A estrada logo adiante penetrava na floresta. Sentamo-nos sobre um tronco.
— Ela não vai atrapalhar nossa vida, vai? Ela... o bebê?
— Nem ela.
— E como estamos de dinheiro?
— Muito bem. Eles honraram o meu último saque.
— Mas será que sua família não vai tentar conter seus gastos, agora que você
está na Suíça?
— Provavelmente. Vou lhes escrever qualquer coisa.
— Então ainda não escreveu?
— Não, apenas saquei o dinheiro.
— Graças a Deus não sou a sua família.
— Vou mandar um telegrama para eles.
— Não se importa de saber como estão, querido?
— Realmente não. Eu era ligado a eles, mas brigávamos muito e isso acaba
cansando.
— Acho que vou gostar do seu pessoal.
— Vamos parar de falar neles, ou vou acabar me perturbando com isso. — E
depois de uns instantes, eu disse: — Vamos andando, se você já descansou o
bastante.
— Sim, já.
Prosseguimos descendo pela estrada. Escurecera, e a neve estalava sob
nossas botas. A noite era fria, seca e muito clara.
— Adoro sua barba, querido. Está ótima. Dá a impressão de ser áspera, e no
entanto é muito macia.
— Gosta mais de mim com barba ou sem ela?

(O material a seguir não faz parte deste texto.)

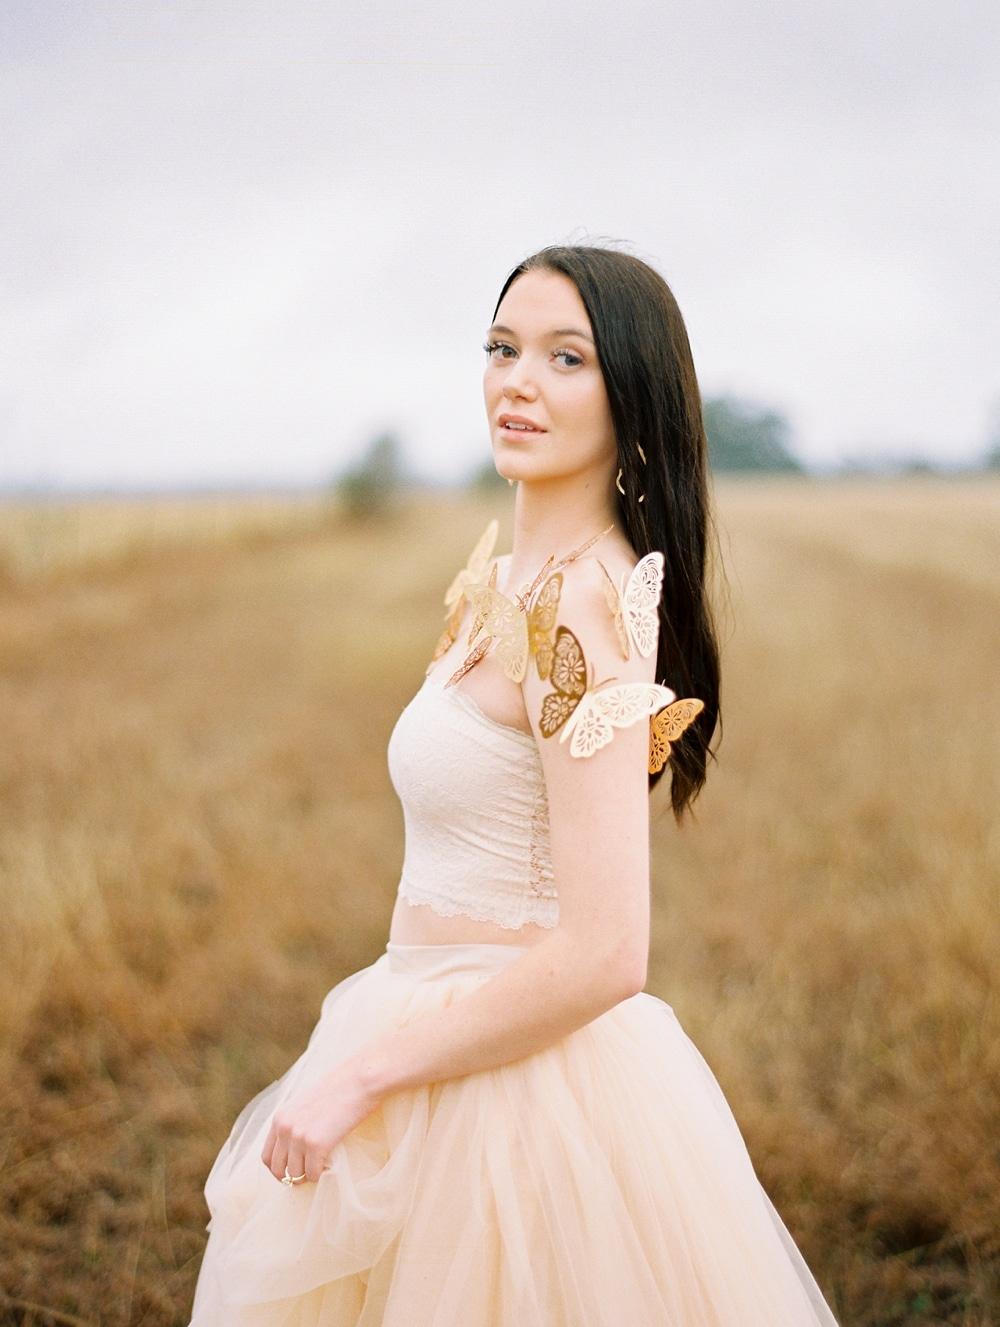 Kristin-La-Voie-Photography-fine-art-wedding-bridal-boudoir-texas-photographer-Dallas-Austin-San-Marcos-wahwahtaysee-resort-34

— Acho que com ela. Deixarei para cortar o meu cabelo depois que
Catherine nascer. Não ia me ficar bem agora. Estou enorme, não combina com
cabelos curtos. Mas depois que ela nascer, emagreço de novo, e vou cortá-los.
Você vai ganhar uma linda menina, uma nova namorada. Você irá comigo,
quando for cortá-los, ou então vou fazer isso sem avisar, de surpresa.
Fiquei calado.
— Não vai me proibir de cortar o cabelo, vai?
— Não; vai ser excitante.
— Claro que vai, querido. E eu parecerei mais linda e você vai se apaixonar
por mim de novo.
— Diabo! — exclamei. — Já estou mais do que apaixonado por você. O que
mais quer que eu faça? Que me destrua?
— Sim, querido. Quero destruir você.
— Bem, então é isso o que eu quero também.